Of these Jamaicans, quite a few have won NCAA Division One Championship titles. Several have set records which have endured for many years before being matched or broken. Further still, only a handful of such talented student/athletes have seen their record stand the test of time, lasting for decades. One such record that was established a few months shy of 40 years, still stands today.
That happened with the invincible 1974 Howard University soccer team that recorded a perfect season’s record of 19-0-0. Since then, no other university/college soccer team has completed a season unbeaten or untied in the NCAA Division 1 Soccer Championships.
That team, the class of 1974, has been included among the list of inductees to be enshrined in the Howard University Sports Hall of Fame 2014 Class today in Washington, DC.
Seven Jamaican footballers were members of that historic record-setting 1974 Howard University soccer team.
Notably, there was a pair of brothers among these seven ‘Yardmen’, and during their tenure at Howard, they both played significant roles on that team.

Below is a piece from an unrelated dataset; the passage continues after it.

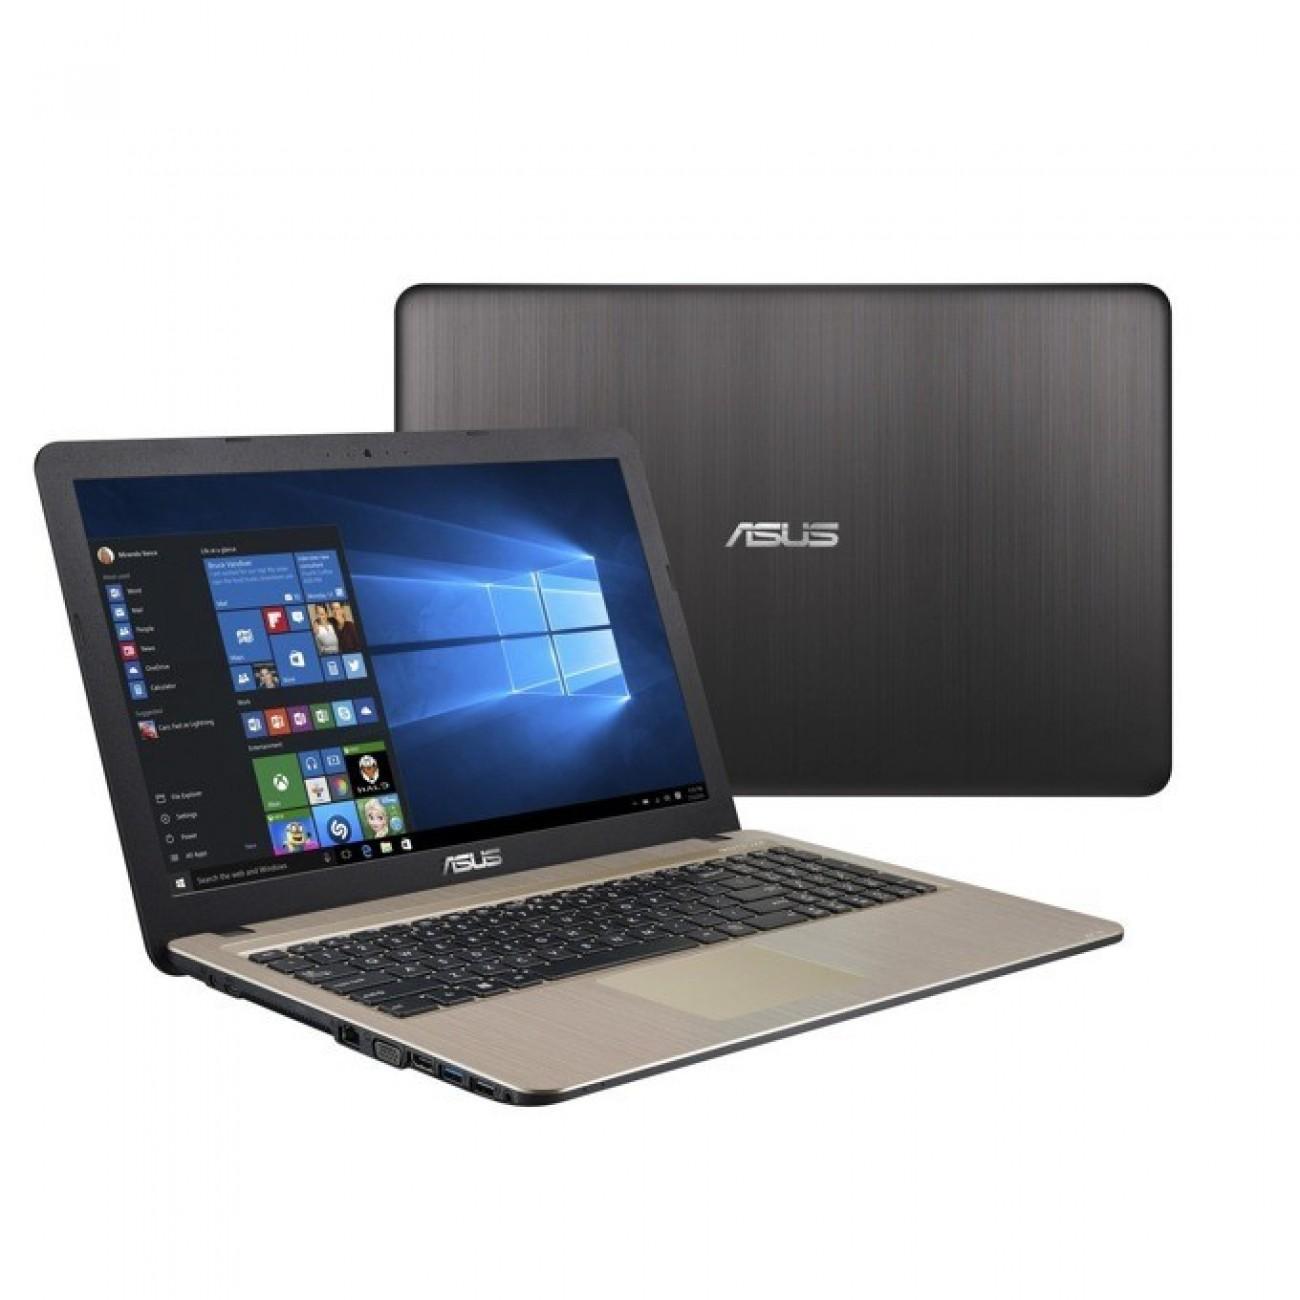 Лаптоп Asus X540UB-GQ041 (90NB0IM1-M00500), двуядрен Skylake Intel Core i3-6006U 2.00 GHz, 15.6 (39.62 cm) HD Glare Display & GF MX110 2GB, (HDMI), 4GB DDR4, 1TB HDD, 1x USB 3.0, Linux, 2.0 kg в Лаптопи -  | Alleop
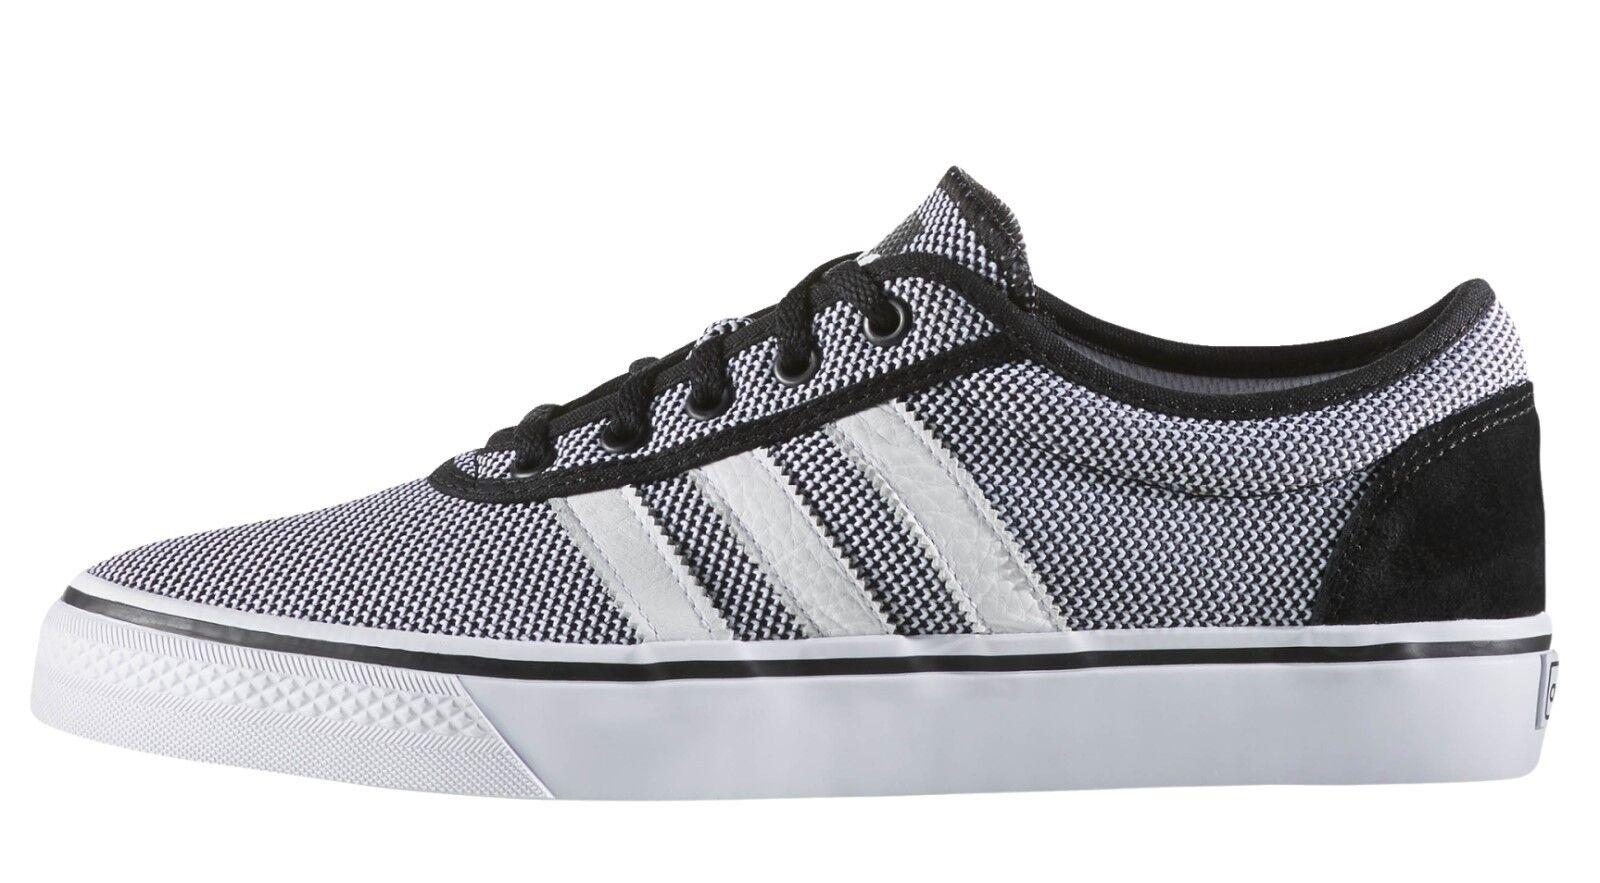 adidas BB8487 ADI-EASE grau Turnschuhe Unisex NEU Skateboarding Schuhe Sneakers

One is Richard Davey, who represented Jamaica College, Wolmer’s Boys, Cavalier Football club and the Jamaica national team. The other is Michael Davey of St George’s College, Cavalier and Jamaica.
The five other Jamaicans included in that 2014 Hall of Fame class are Bertram Beckett (Excelsior and Cavalier); Mario ‘Zero’ McLennan (Kingston College, Boys’ Town and Jamaica); Lincoln Peddie (raised in England); Paul ‘Pep-up’ Pringle (Wolmer’s Boys and Santos football club); and Keith ‘Barnaby’ Tulloch (Wolmer’s Boys, Santos and Jamaica).
Brothers Richard and Michael started all four years for Howard in the team coached by Trinidadian Lincoln ‘Tiger’ Philipps. The Daveys contributed mightily to the Howard victory in the December 1974 Championship game, as documented in the Soccer America magazine in reporting on that historic final.
The magazine described Richard as the “architect” of the team who dribbled cunningly past several St Louis University players to actually “set-up the winning goal on a platter”. Tribute was also paid to the impenetrable defensive play of Michael, featuring him on the cover of that Soccer America magazine.
The entire Jamaica should feel especially proud that the island has produced two who have carved out such an incredible feat and one cannot help but wonder if the incomparable Usain Bolt’s records will withstand the test of time for as long as this record of these seven ‘Yardmen’.